Doğanın Kanunu (international title: Nature of Love) is a Turkish romantic drama television series produced by Ay Yapım. Directed by Ali Bilgin and Beste Sultan Kasapoğulları, and written by Barış Erdoğan and İlker Arslan, the series stars Özge Yağız and Alperen Duymaz in the lead roles. It premiered on Star TV on 10 June 2026, and is also available for international streaming on Amazon Prime Video.

== Plot ==
Yaman is an idealistic engineer who gets insulted by Doğa, the daughter of a holding company owner, during his most important job interview. Following this deep disappointment, he suffers a tragic, life-altering accident.

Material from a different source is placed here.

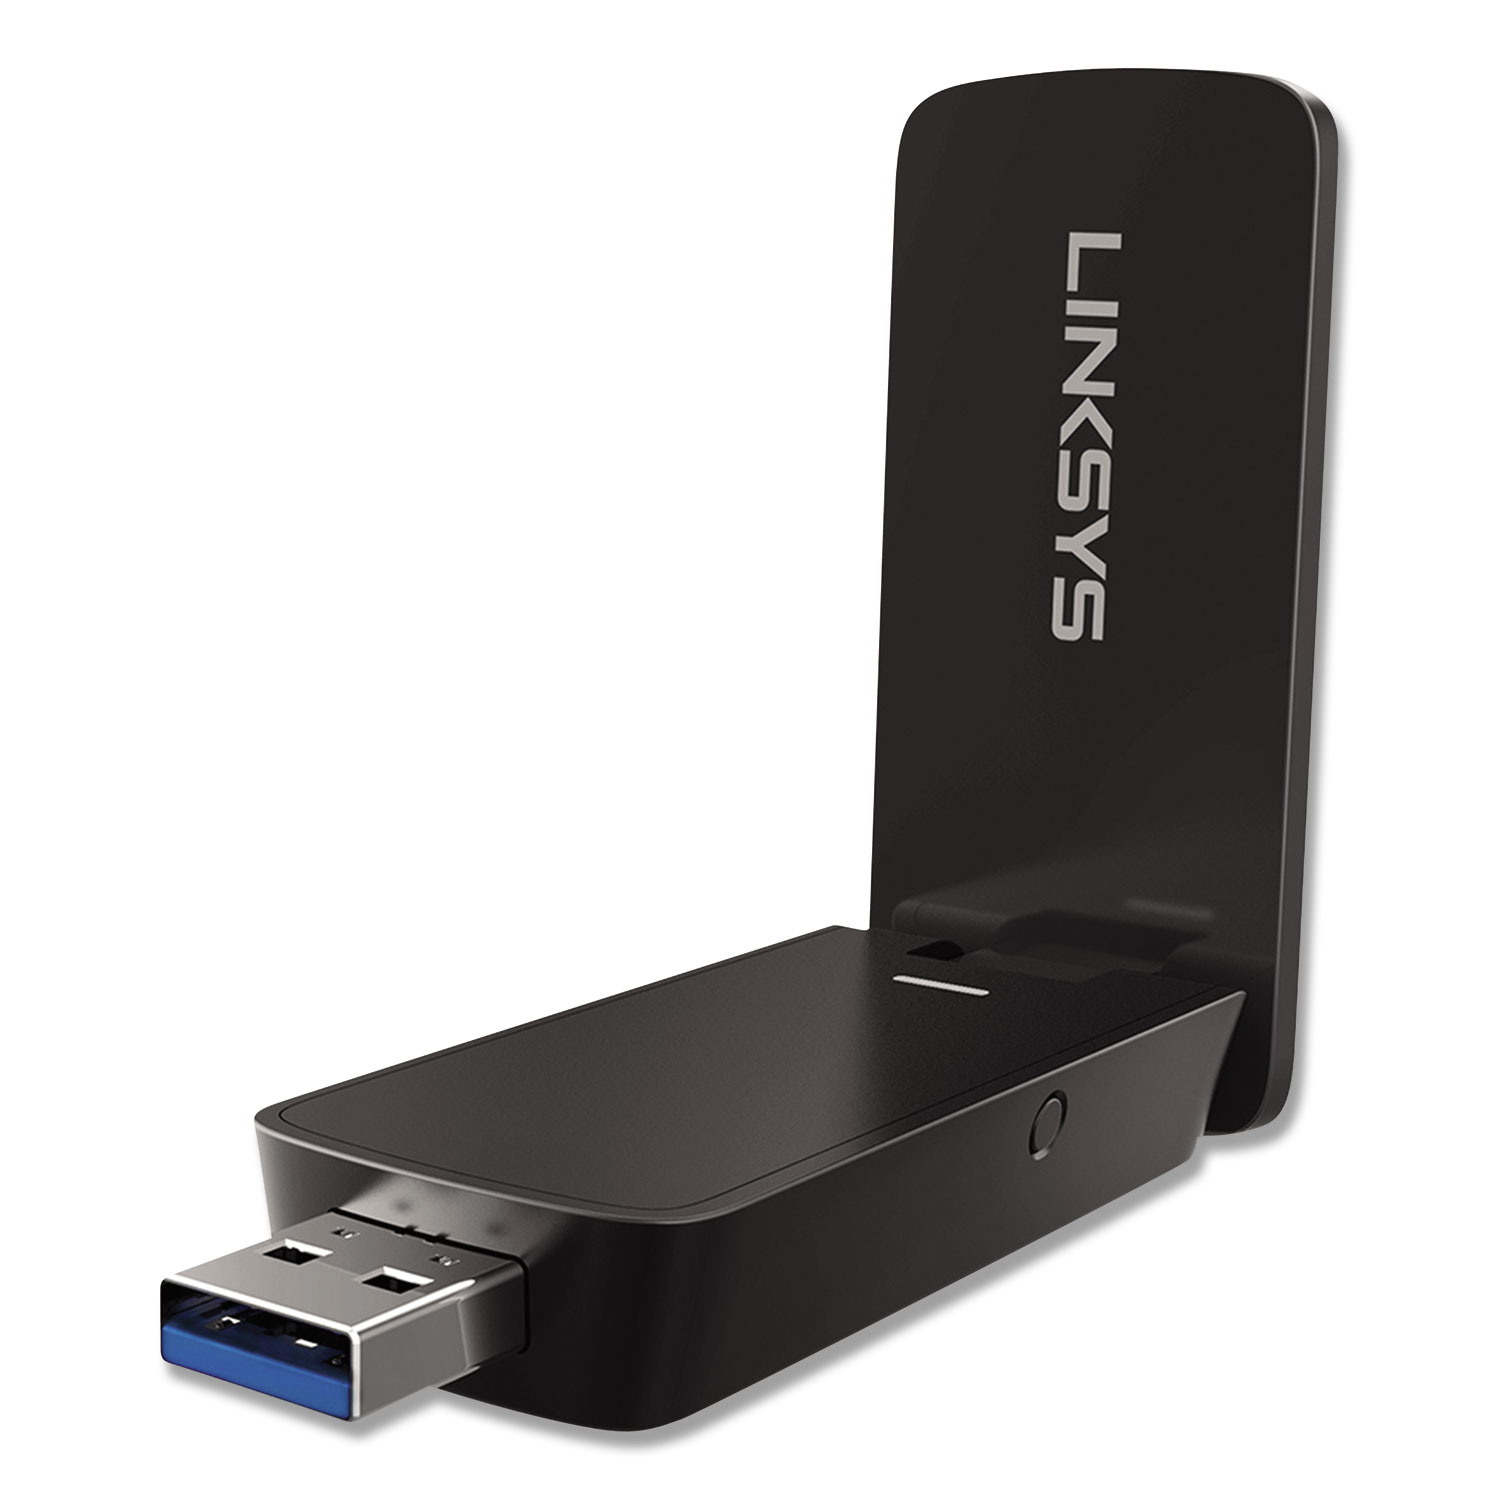  LINKSYS WUSB6400M WUSB6400M Max-Stream AC600 Wi-Fi USB Adapter, Laptop to Router (LNKWUSB6400M)

Five years later, fate unexpectedly brings Yaman and Doğa together again in Urla, Izmir, where Doğa must face her past and prove she is no longer a spoiled girl.

== Cast ==
- Özge Yağız as Doğa Arcalı
- Alperen Duymaz as Yaman Demir
- Hakan Yılmaz as Hulusi Arcalı
- Nur Yazar as Perihan Demir
- Seda Türkmen as Nesrin Demir
- Onur Berk Aslanoğlu as Saffet Demir
- Bartu Zeytinci as Burak
- Kübra Balcan as Vera
- Lara Aslan as Hediye Demir
- Yiğitcan Ergin as Mert Koruner
- Çağla Demir as Büşra
- Müttalip Müjdeci as Kamuran
- Olcay Yusufoğlu as Devin
- Aziz Caner İnan as Eren
- Hülya Duyar as Adile
- Yüksel Ünal as Kazım
- Batuhan Sel as Aytekin
- Asel Çalışkan as Seda Demir

== Production ==
The series is produced by Ay Yapım. Principal photography began in Istanbul before moving to the Urla district of Izmir, where the primary setting of the story takes place.